Handwritten prescription slips have always presented risks to patients. The risk of a pharmacist or pharmacy technician misreading a doctor’s handwriting, sometimes known as “chicken scratch” among pharmacists, leads to the risk of a misfilled prescription. This could involve the wrong dosage of a drug, or the wrong medicine entirely, with the consequences ranging from adverse side effects, worsening of a patient’s condition, or even death. New computerized systems for doctors and other medical professionals, however, join the ever-increasing number of electronic solutions to common human errors. These systems can help combat not only pharmacy errors, but also prescription fraud and prescription drug abuse.
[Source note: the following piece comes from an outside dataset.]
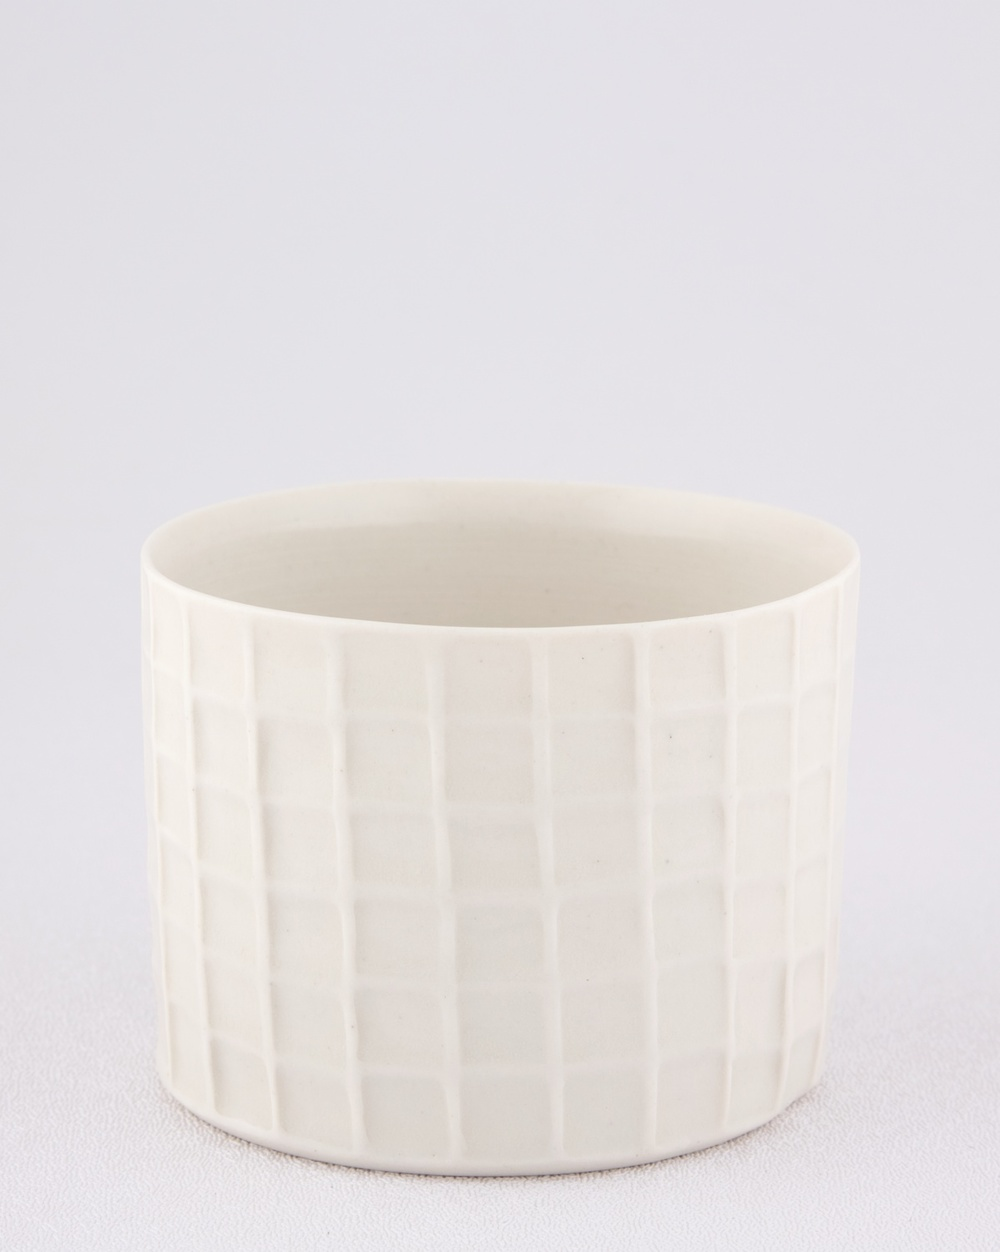 "Shio Kusaka Untitled (cup) 2009 Porcelain 2 5/8"" x 3 1/2"" SK016"
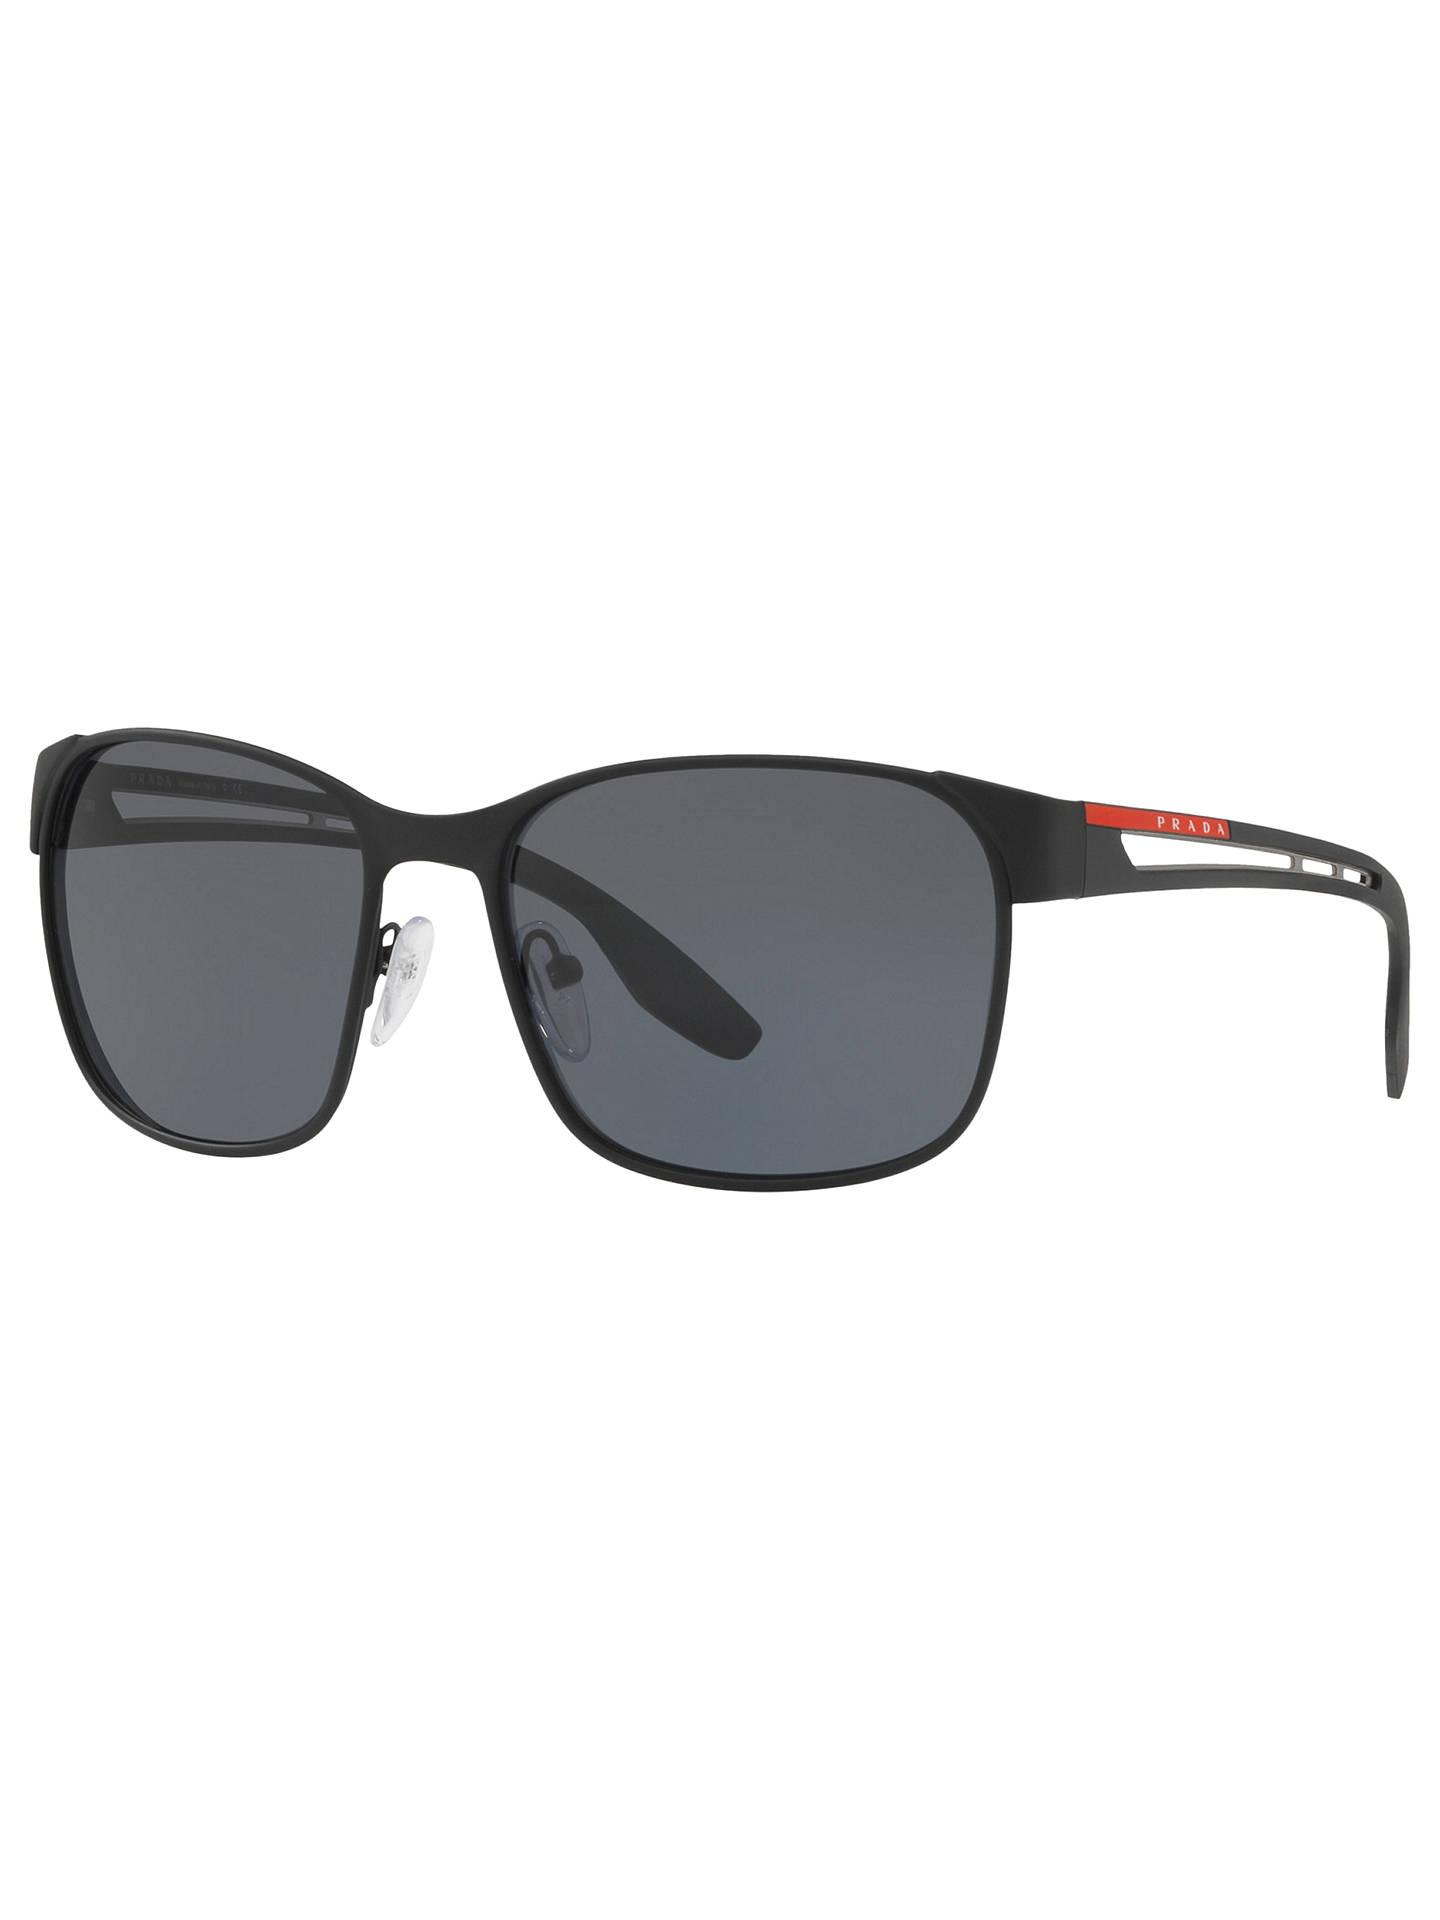 f488fb2eb90d Buy Prada Linea Rossa PS 52TS Men s Square Sunglasses

Electronic prescriptions, or e-prescriptions (e-Rx), allow a doctor to write a prescription by submitting a request to a pharmacy online, rather than writing out the prescription on a prescription pad. A 2010 study mentioned by the New York Times, which examined handwritten prescriptions from doctors, physician assistants, and nurse practitioners in New York, found a thirty-seven percent error rate for handwritten prescriptions, not including legibility errors. The study found legibility errors in eighty-eight percent of the handwritten prescriptions. These errors can result in a patient receiving the wrong dosage or the wrong medication. They may also result in the pharmacy needing extra time to consult with the prescribing doctor or professional to sort the matter out, which could cause harm to a patient in urgent need of a particular medication.
Congress promoted the use of e-Rx in the 2009 Health Information Technology for Economic and Clinical Health Act (HITECH Act), passed as part of that year’s economic stimulus bill. The HITECH Act establishes certain acceptable uses for electronic medical records, giving regard to issues of patient privacy and the security of patients’ personally identifying information. It specifically names e-Rx as an approved use.